Barger and Valdese parted ways in 1958.
“I’d wore out my welcome,” he said. “The football team made a lot of money, but there was never money for any new equipment.
“I spoke my piece.”
North Rowan opened in the fall of 1958 with Barger as head football coach. The Cavaliers went 0-10.
By 1960, North was 6-2-2. In 1961-62, the Cavaliers won 16 games and two NPC championships.
“If you knew how to block and tackle and could run a little, you could beat anybody,” Barger said. Barger got a track and field program rolling at North that set the bar high for all future champions.
He piloted the first of North’s six consecutive NPC track title teams in 1962 and laid the foundation for teams that kept winning under coach Ralph Shatterly.
North ruled WNCHSAA track in 1965, 1966 and 1967.
“I remember Coach Barger and Coach (Walt) Baker making our first hurdles there in the wood shop at North,” Shoaf said. “We always had the best equipment. I was a pole vaulter and we had fiberglass poles before anyone else.”
Barger’s last year as head football coach at North was 1965. He was ready for a new challenge, and Jack Ward offered a job at Davie County. Barger helped with football two years there before focusing on track.
From 1968-83, he coached Davie to five NPC track championships and won WNCHSAA crowns in 1969, 1974, 1975 and 1977. He threw in a pair of cross country championships.
Davie had no facilities when he arrived. At an awards banquet early in his time there, Barger voiced his complaints at length. The following year, he was instructed to limit his remarks to six words.
“Asphalt track, asphalt track, asphalt track,” Barger growled, before he sat down.
Construction on a new track started almost immediately.
He tutored great track athletes at Davie ó Jingles Ijames, Hubert West, Billy Etchinson, Andy Atwell.
West limped after losing the 100 in a meet with Greensboro Page but got little sympathy from Barger.
“Hubert, you know how you unhurt that leg,” Barger barked. “By whipping that guy’s butt in the 220.”
West.
Even Dwayne Grant, Davie basketball’s all-time scoring leader ran track for Barger.
“Dwayne wanted to play baseball,” Barger said. “But I explained to him they weren’t gonna let him steal first base.”
One of Grissom’s favorite tales dealt with Barger taking out the trash after his wife, Sadye, had prepared a big meal for visitors.

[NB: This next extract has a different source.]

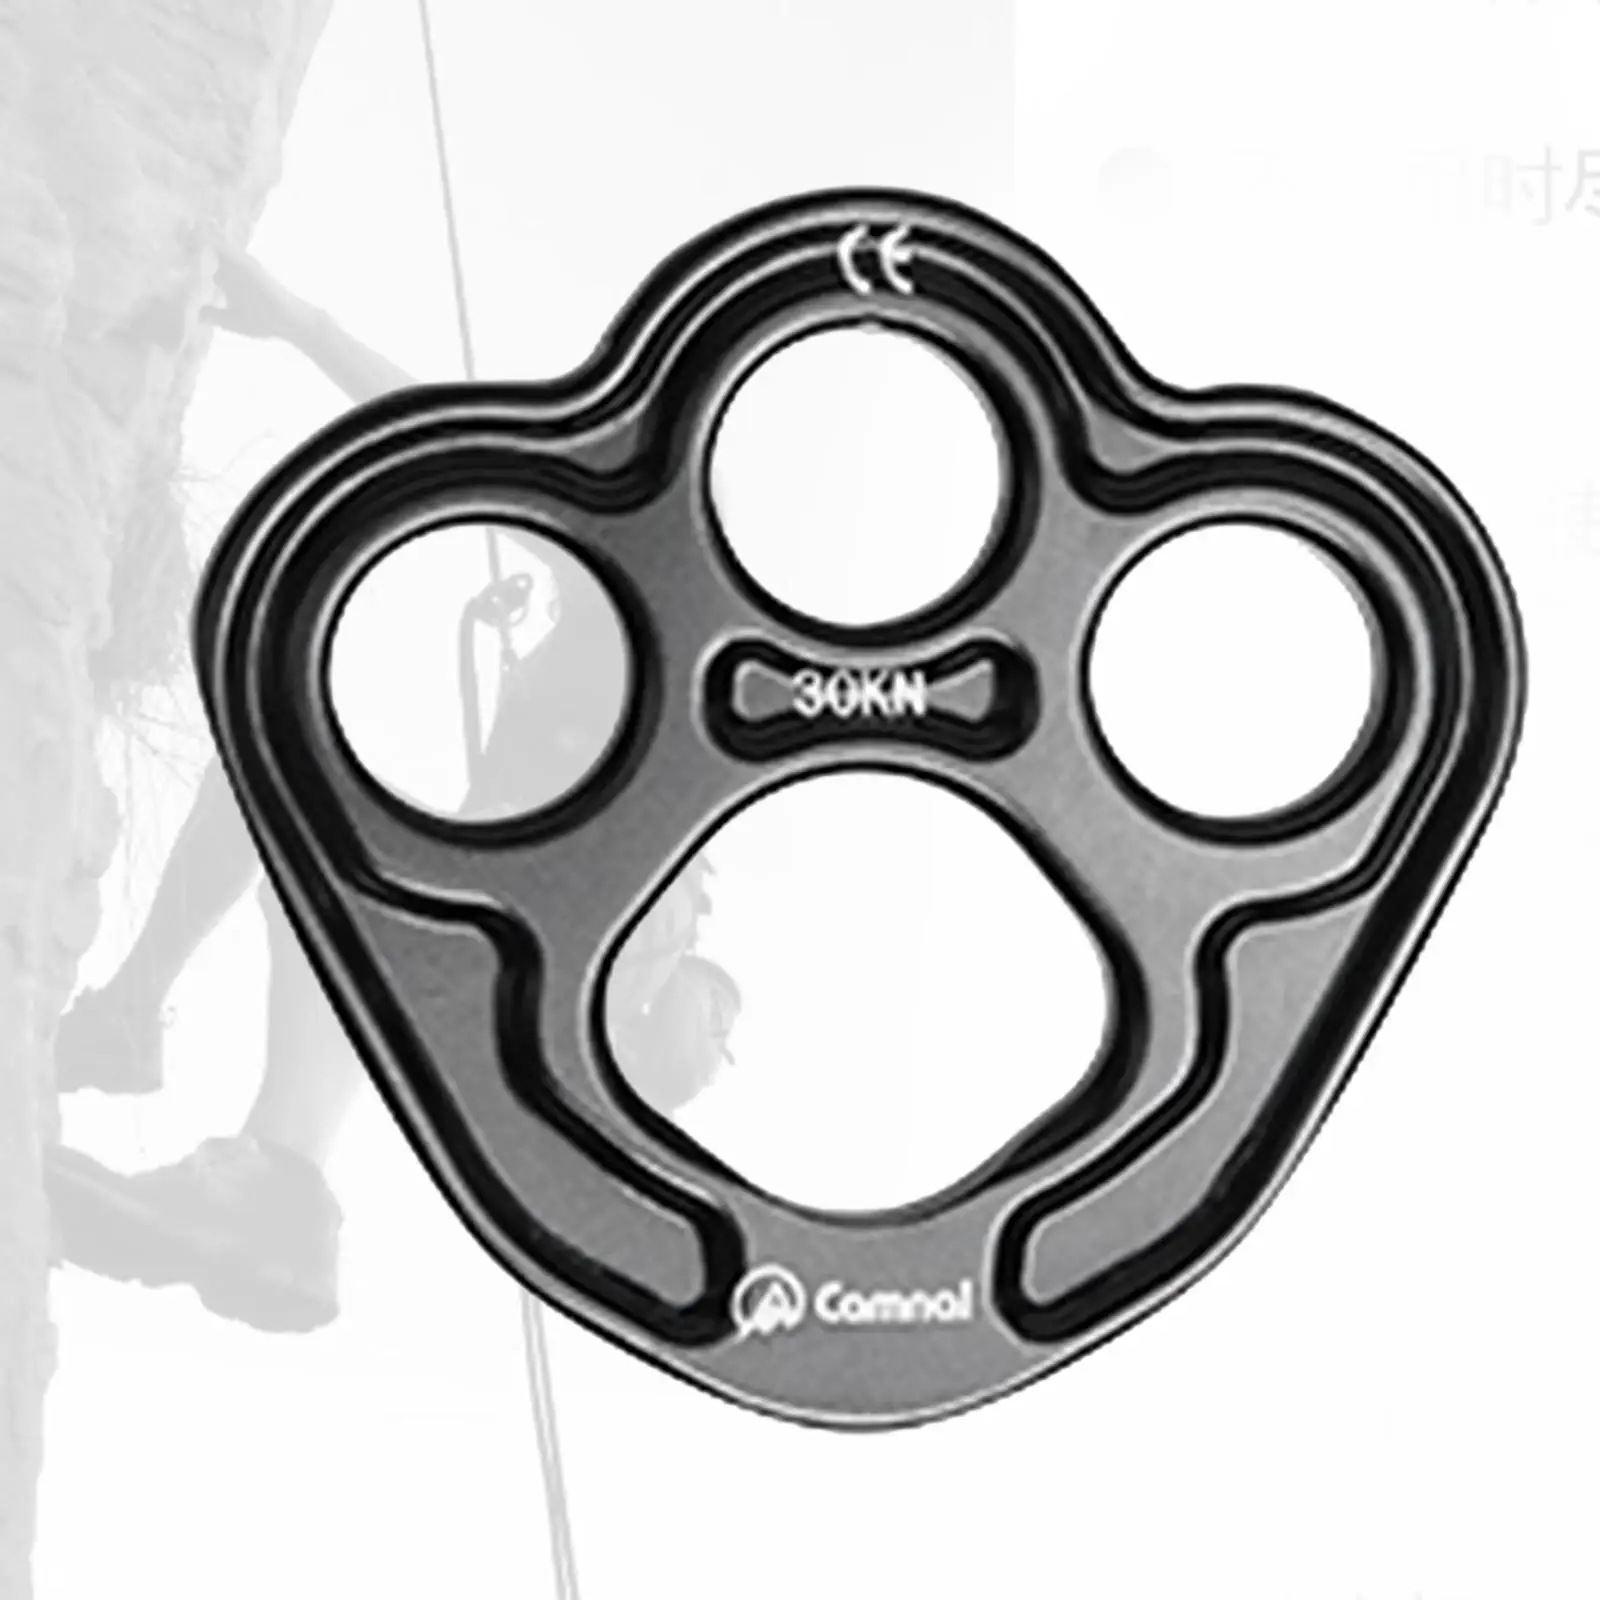 28KN Paw Rigging Plate Anchor Device for Climbing Dance Caving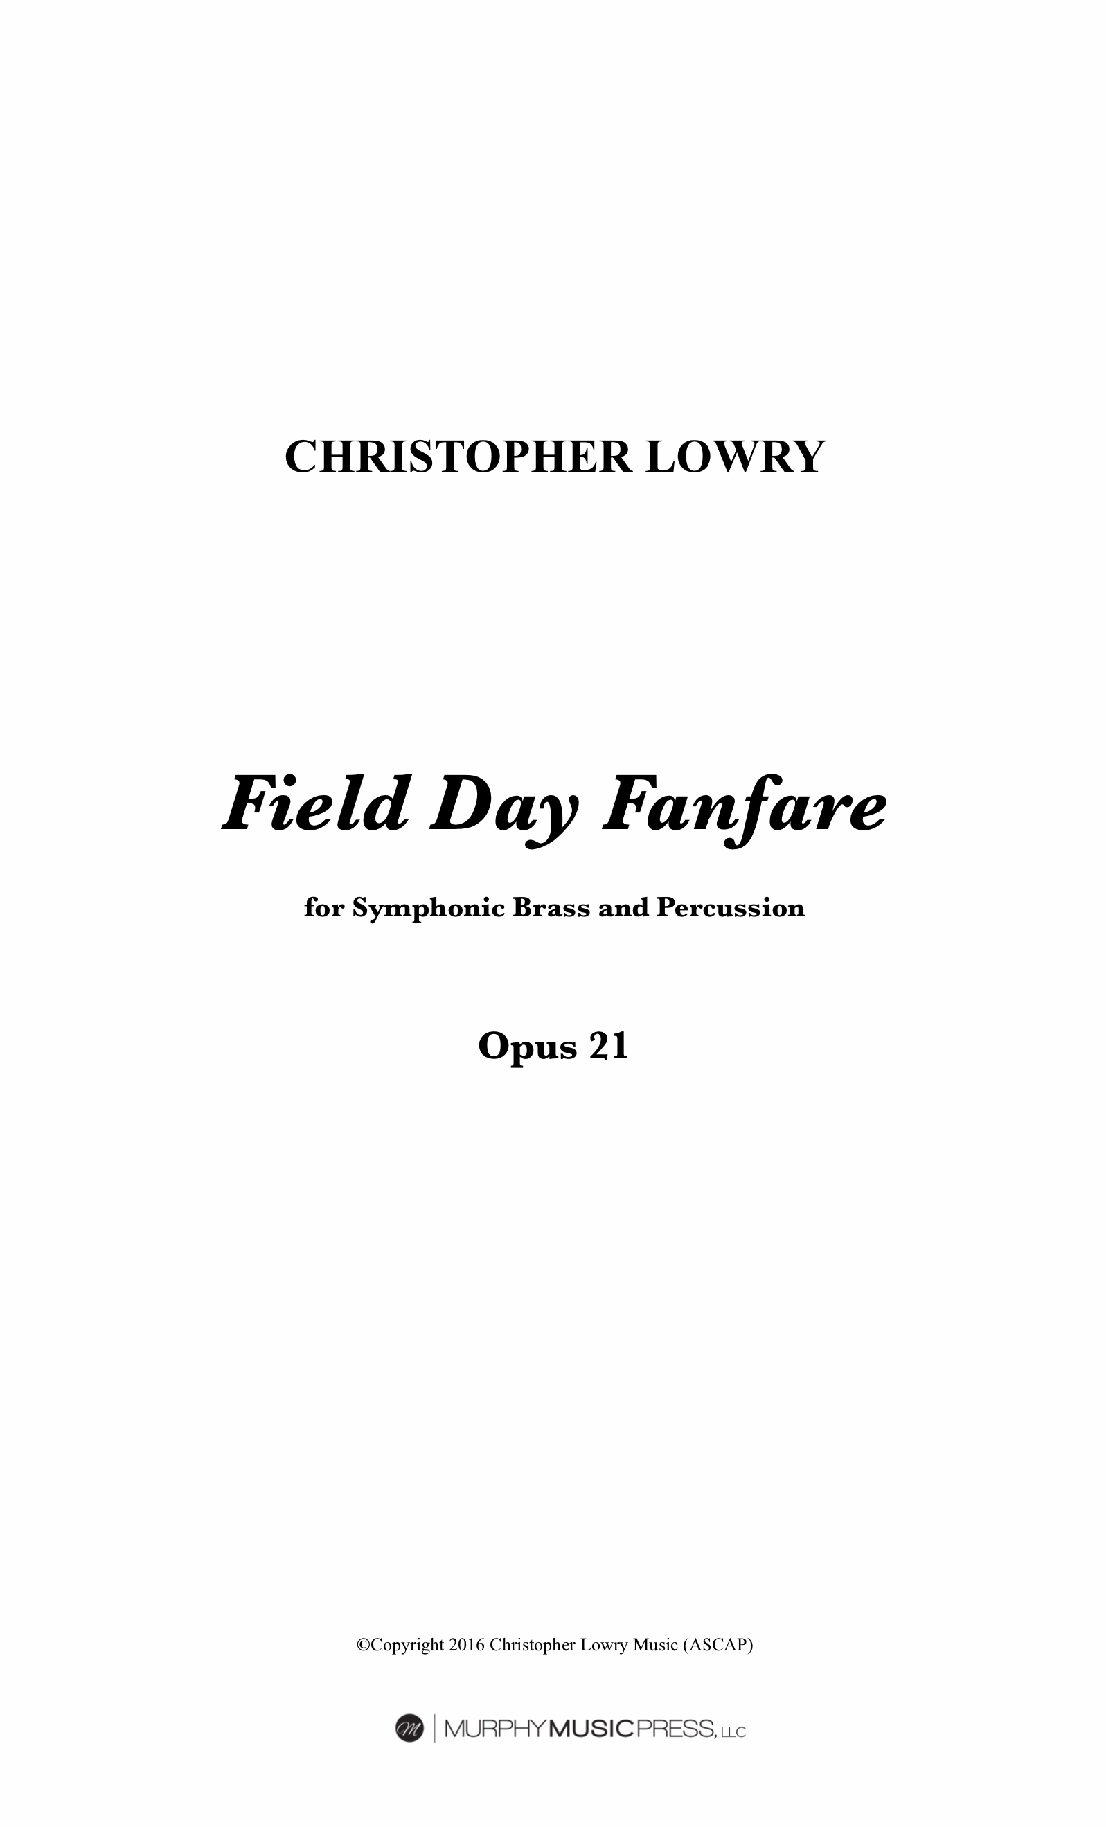 Field Day Fanfare by Christopher Lowry

There had been a snowfall, and a loud thud followed by several crashes could be heard inside as Barger descended the steps. He was discovered lying in the snow covered with corn cobs and other spillage.
“Burt, did you fall?” Sadye asked anxiously.
“H—, no,” he answered. “I just decided to lie down and cover myself with garbage.”
Barger had been married to Sadye Hauser 59 years when she died last summer.
Their son, Allen, was a great player at Davie, a Shrine Bowler, and like his father, a captain of the Lenoir-Rhyne Bears.
Barger’s life has been storybook, and he’s still a little intimidating ó even at 89.
“Coach intimidated a lot of people, but if you played for him you got to see the other side,” Shoaf said. “He’s got a legacy.”